___ Data provided ___
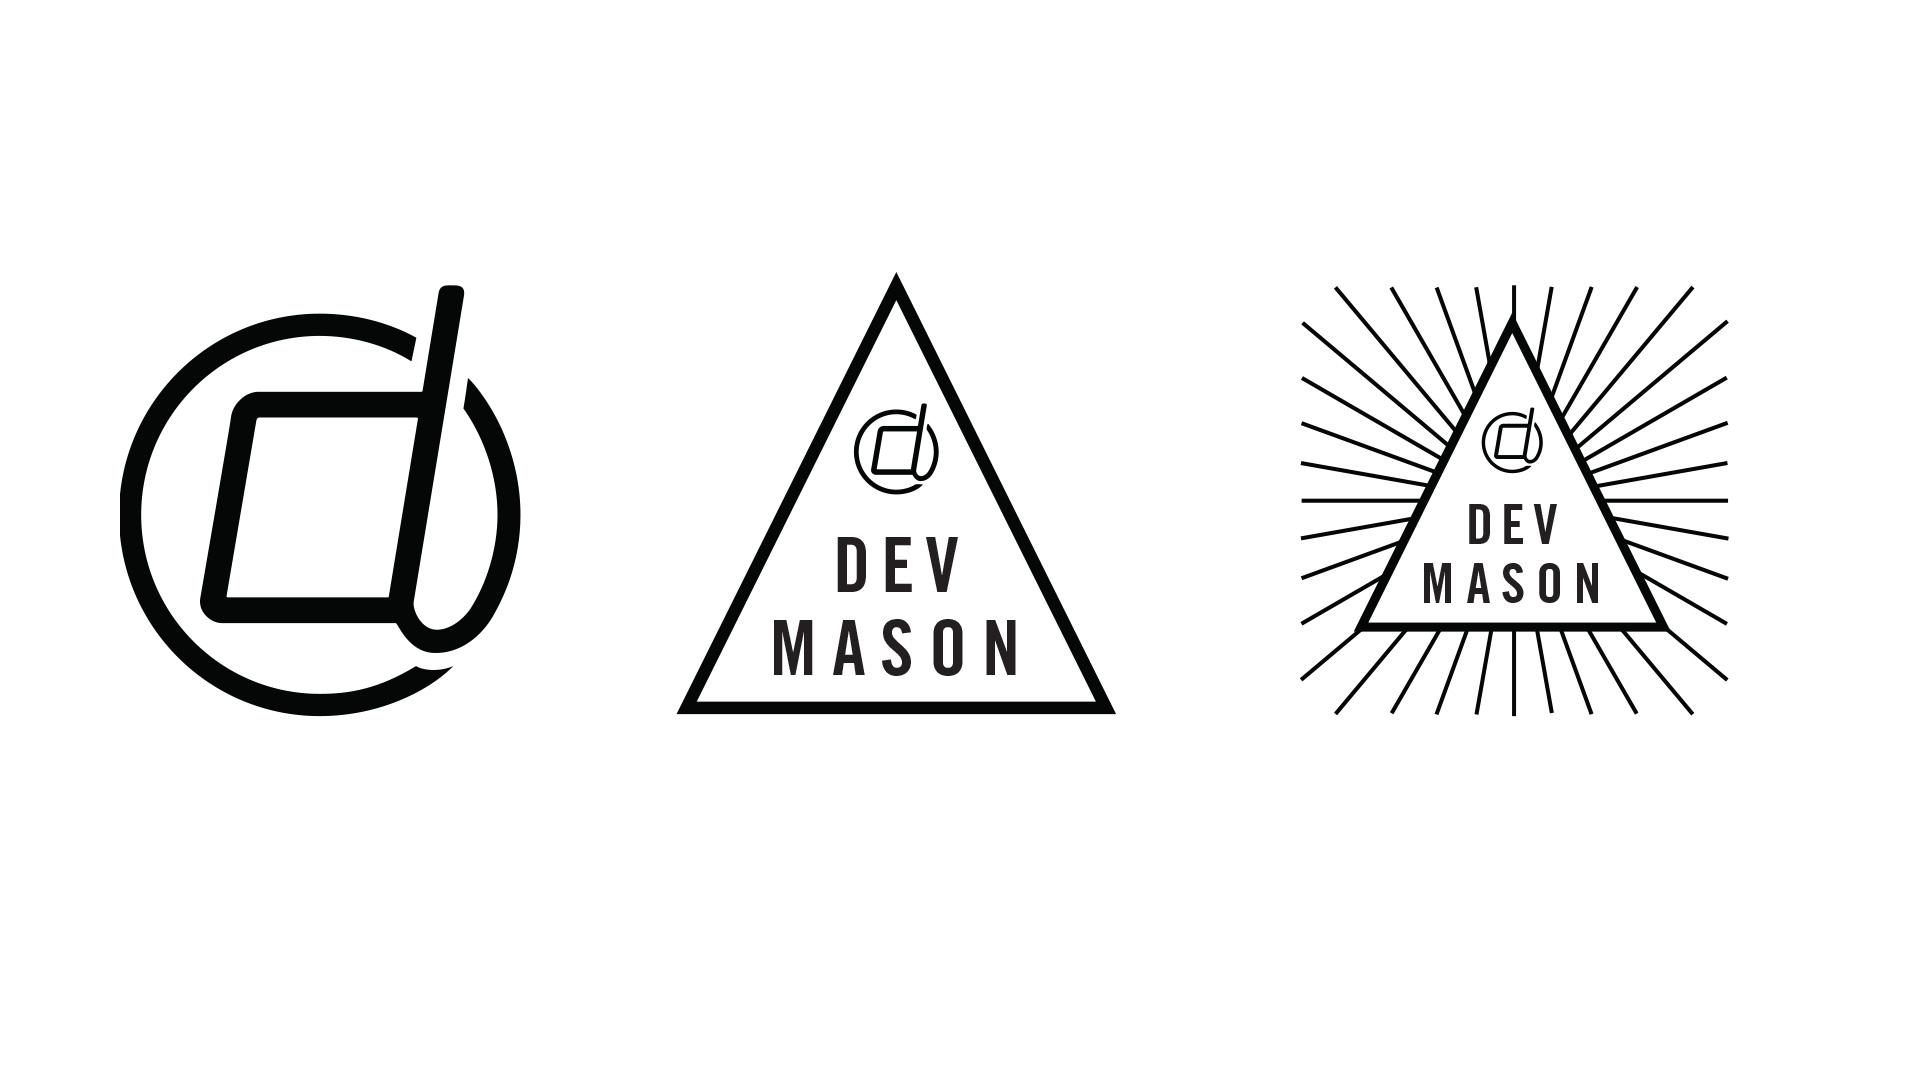 DevMason_logovariations.jpg
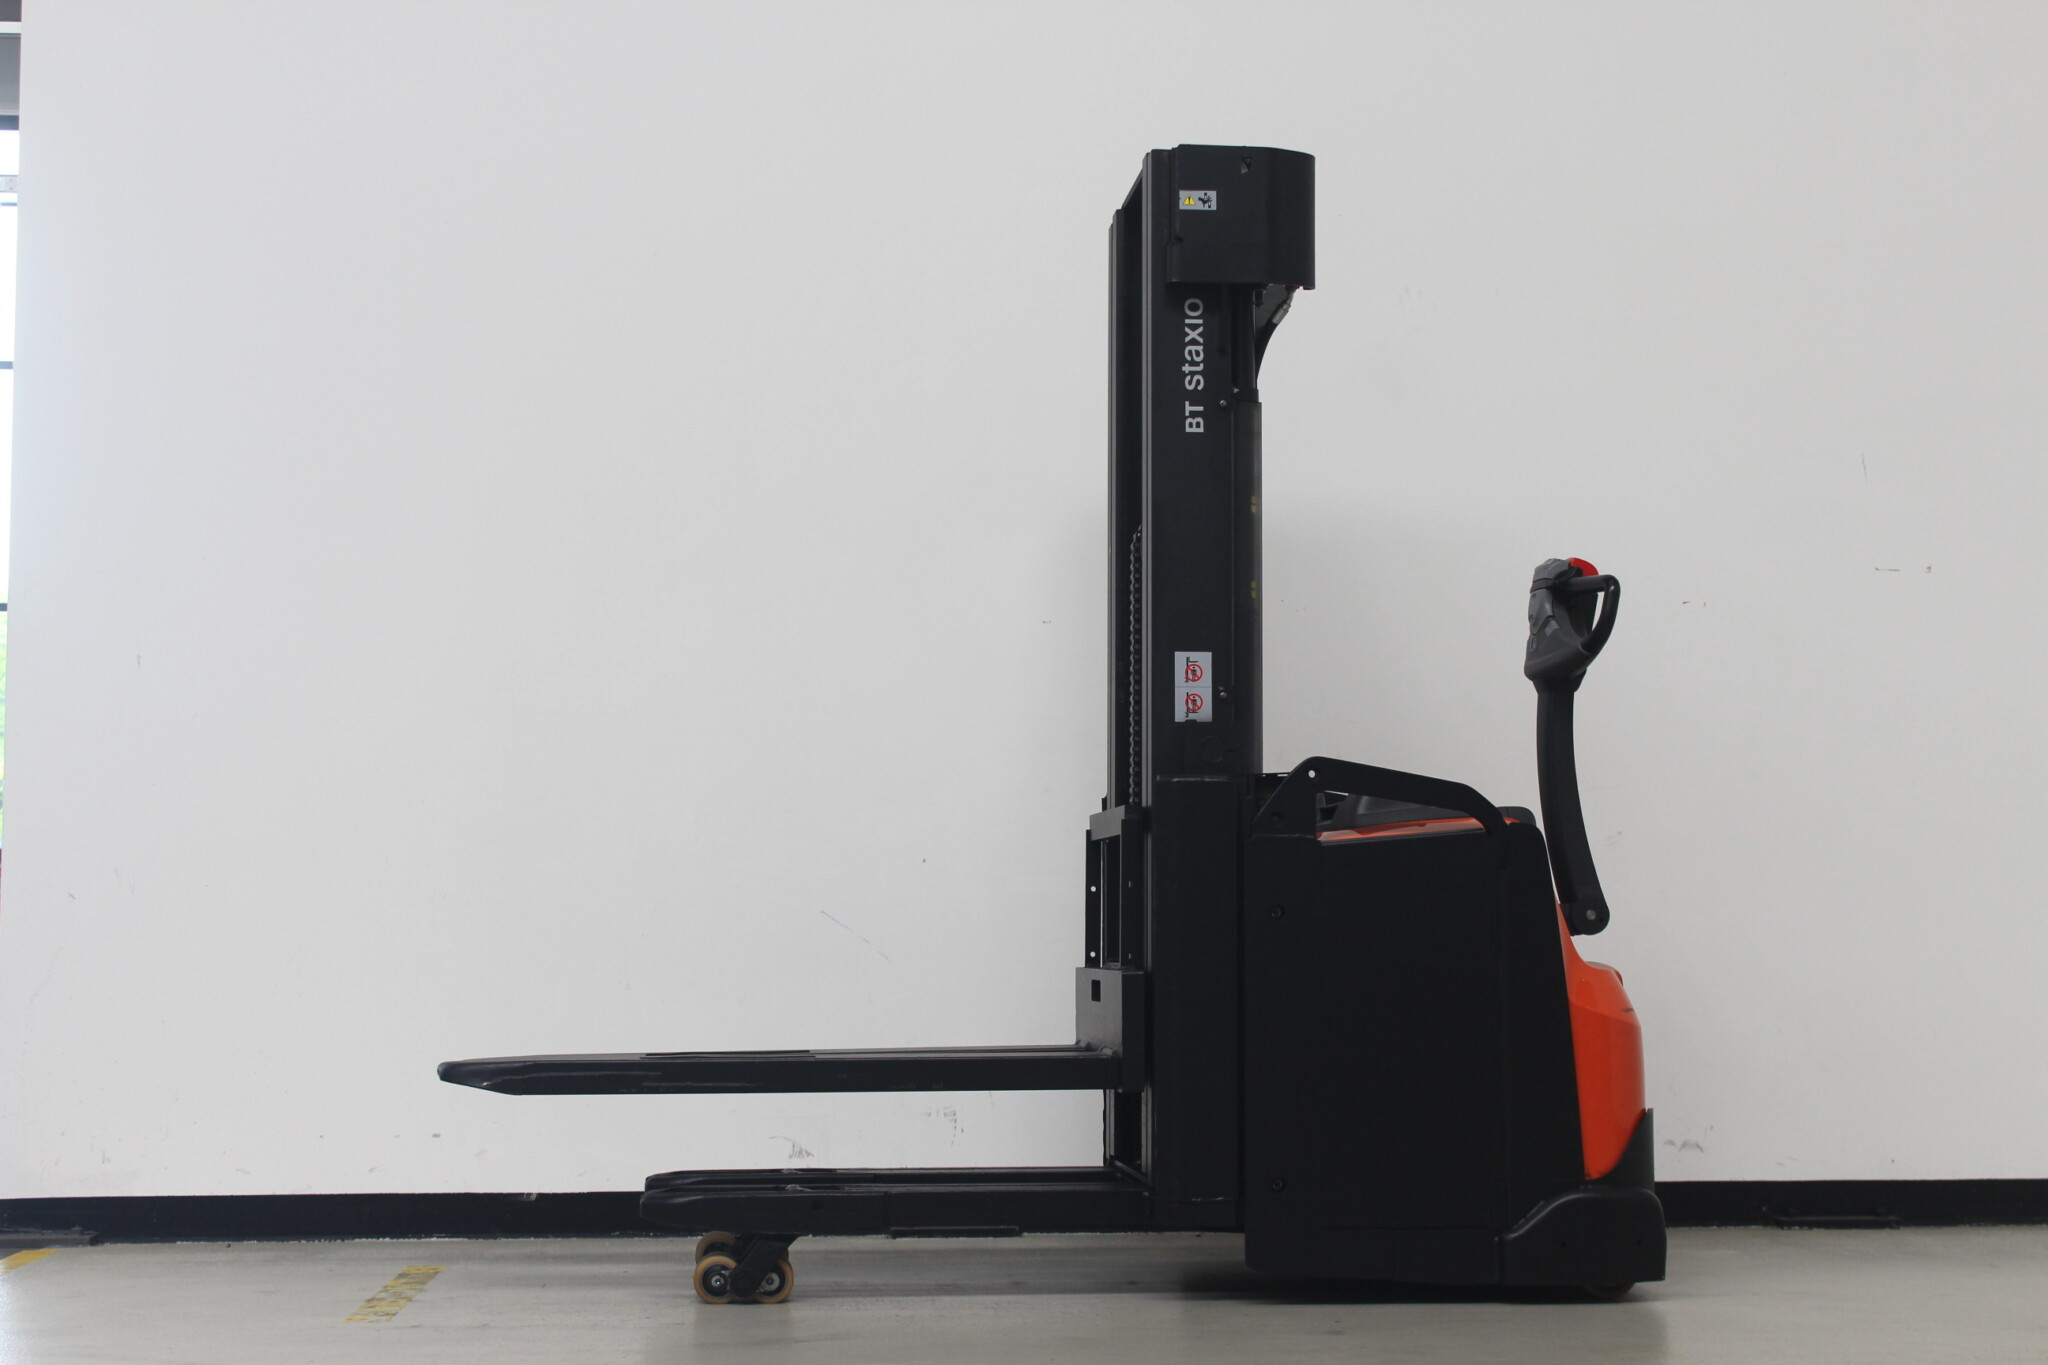 Toyota-Gabelstapler-59840 1703014064 1 21 scaled
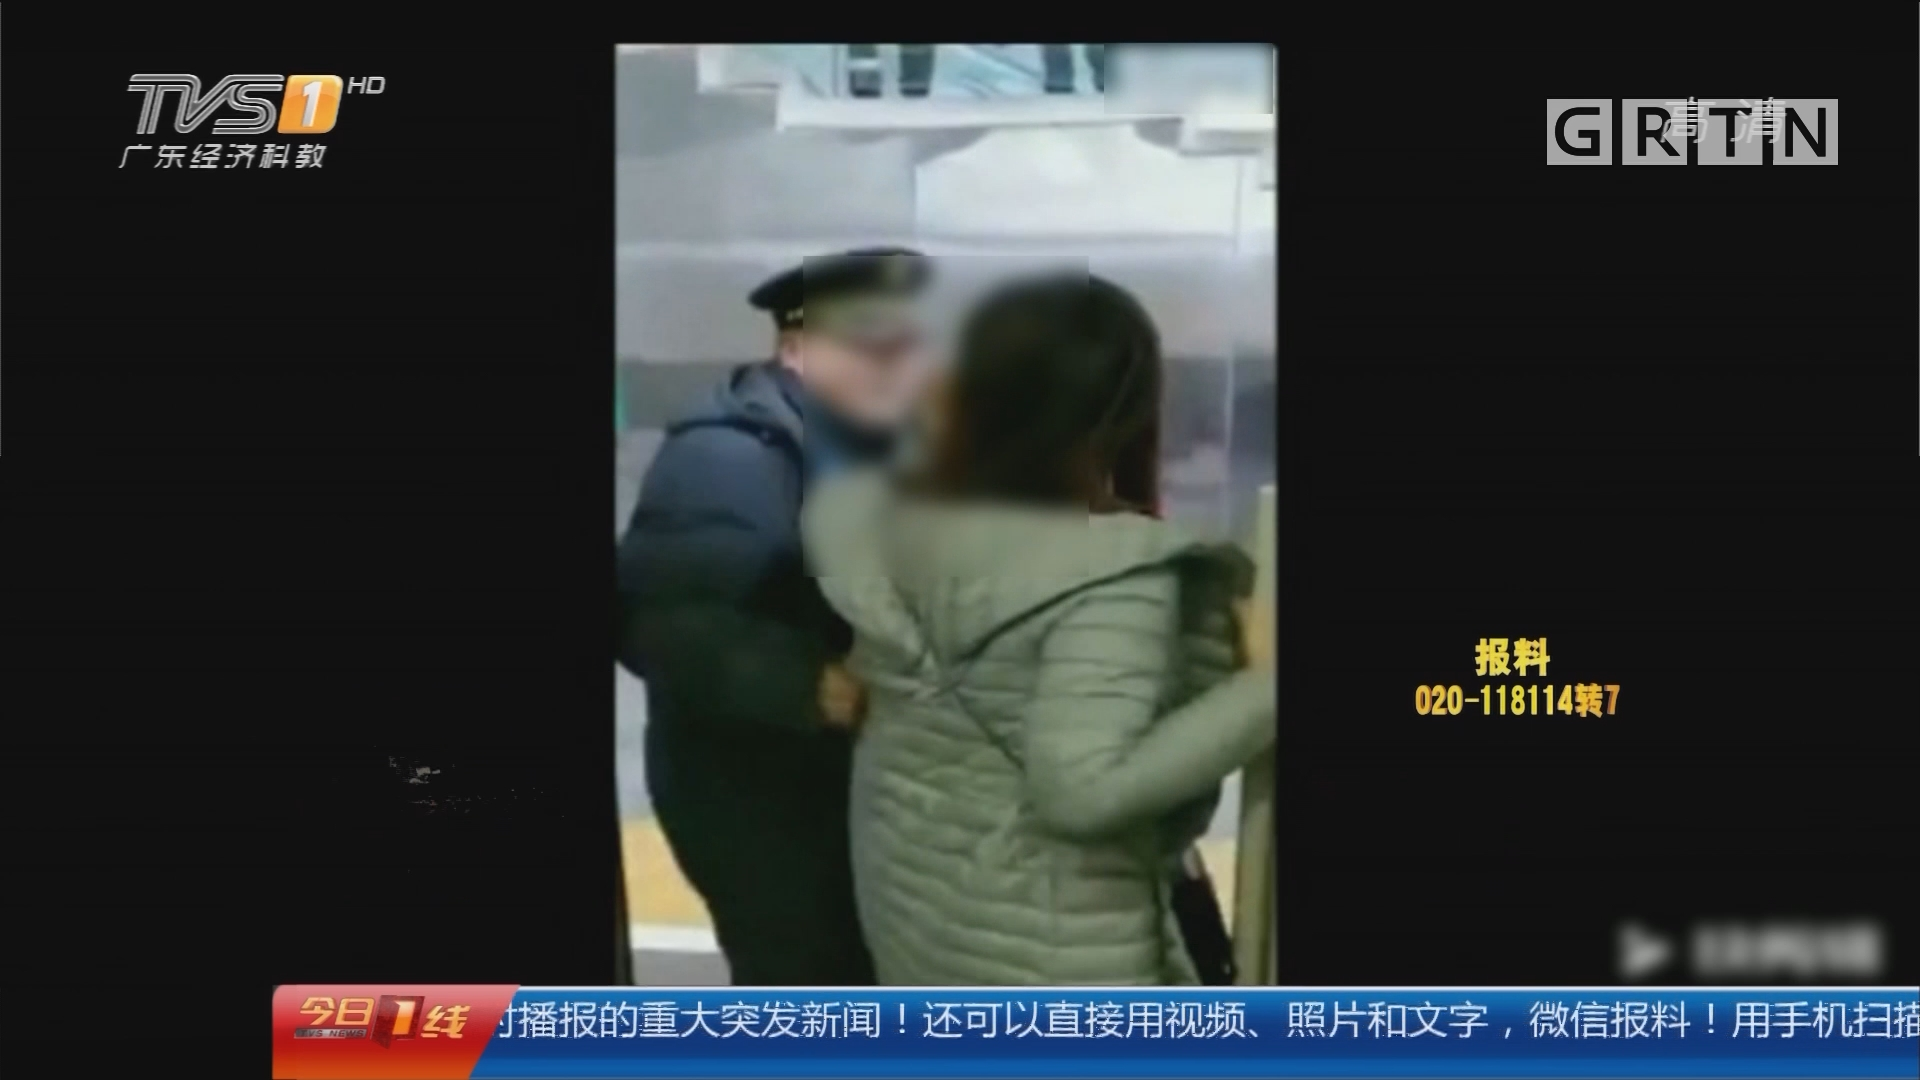 安徽 撒泼阻高铁发车:我老公还没来!
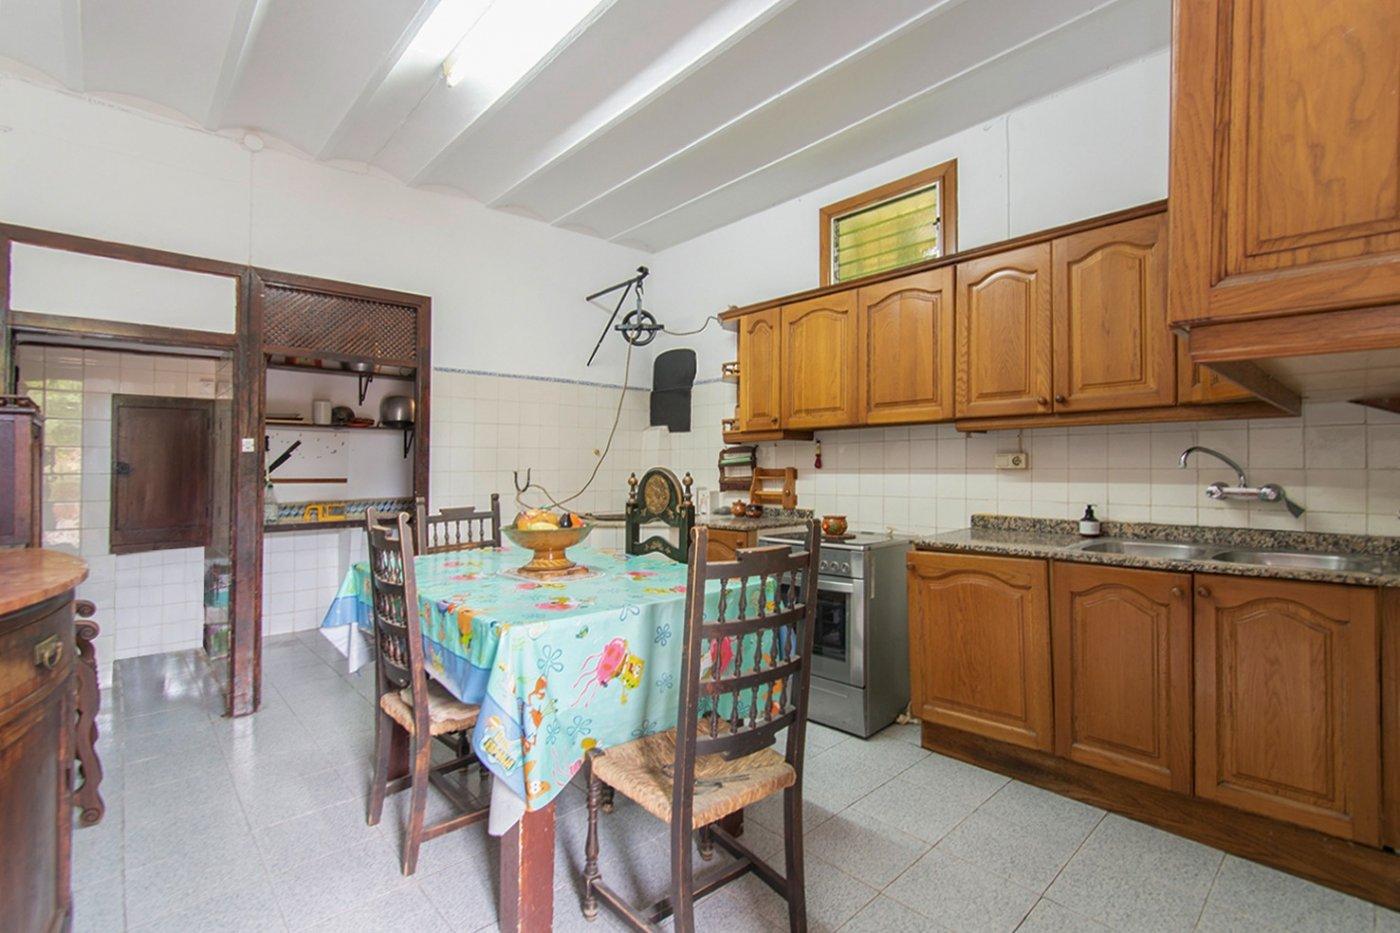 Casa unifamilair con garaje, jardÍn y terraza en la vileta. - imagenInmueble4
___
A word-for-word copy of all the data, without pictures, is the expected output.

**Response to this task**
 DevMason_logovariations.jpg
 Toyota-Gabelstapler-59840 1703014064 1 21 scaled
 安徽 撒泼阻高铁发车:我老公还没来!
 Casa unifamilair con garaje, jardÍn y terraza en la vileta. - imagenInmueble4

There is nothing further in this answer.